By understanding one truth: visibility beats history.
In freight forwarding, people assume longevity equals authority. A company founded in 1923 should automatically outrank a company founded in 2019. But the market doesn’t work that way anymore.
Today, the firms winning attention, trust, and business are not the oldest.They’re the ones who are most visible, most active, and most present.
A century-old forwarder can have the strongest operations, the most experience, the deepest relationships, but if their digital presence looks like an abandoned warehouse, they’ll lose to a five-year-old startup that simply knows how to show up online.
This is the visibility gap.
Most forwarders still believe reputation spreads through word of mouth. It used to. Before the industry moved to LinkedIn, before partners started checking profiles, and before digital silence became a liability instead of a neutral factor. Buyers and overseas partners now look for three signals:
- Are you active?
- Are you competent?
- Are you relevant?
A company page that hasn’t posted since Christmas 2019 quietly answers all three with a “no”.

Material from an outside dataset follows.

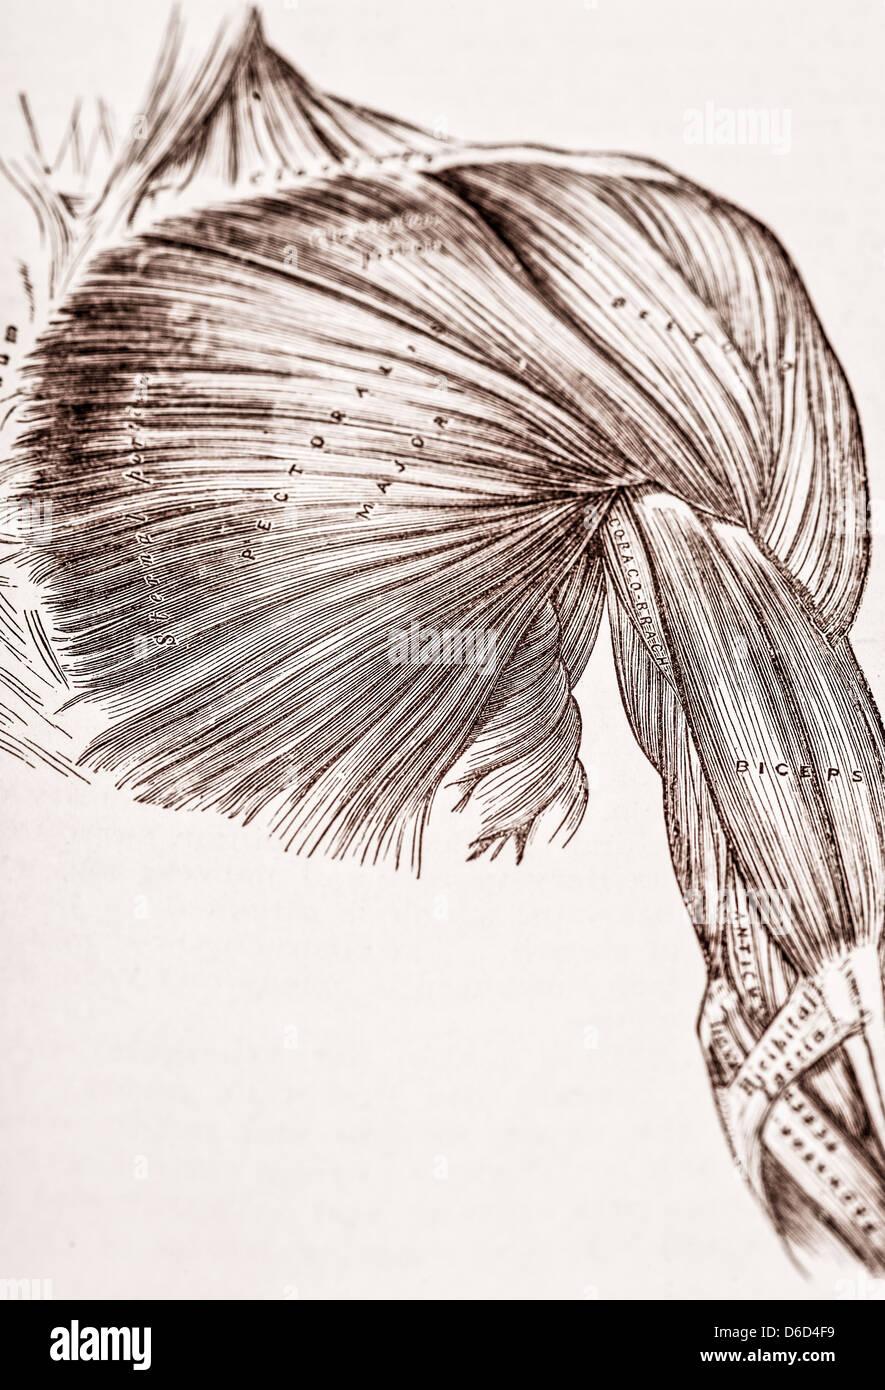 Shoulder Bones Stockfotos & Shoulder Bones Bilder - Alamy

Meanwhile, the younger forwarder publishes:
- Case studies of lane wins
- Short operational lessons
- Conference recaps
- Staff introductions
- Photos with partners
- Even failures and what they learned
They look alive. They look aware of the market. They look ready. Momentum is persuasive.
The forwarding industry needs to realie something important: Longevity is not a strategy. Visibility is.
Digital presence is not “marketing” anymore. It is a proof-of-competence signal. Just like a clean warehouse, an organised SOP, or a strong event meeting schedule.
Tradition gives you roots. Visibility gives you reach. If you don’t show up, the market moves on without you.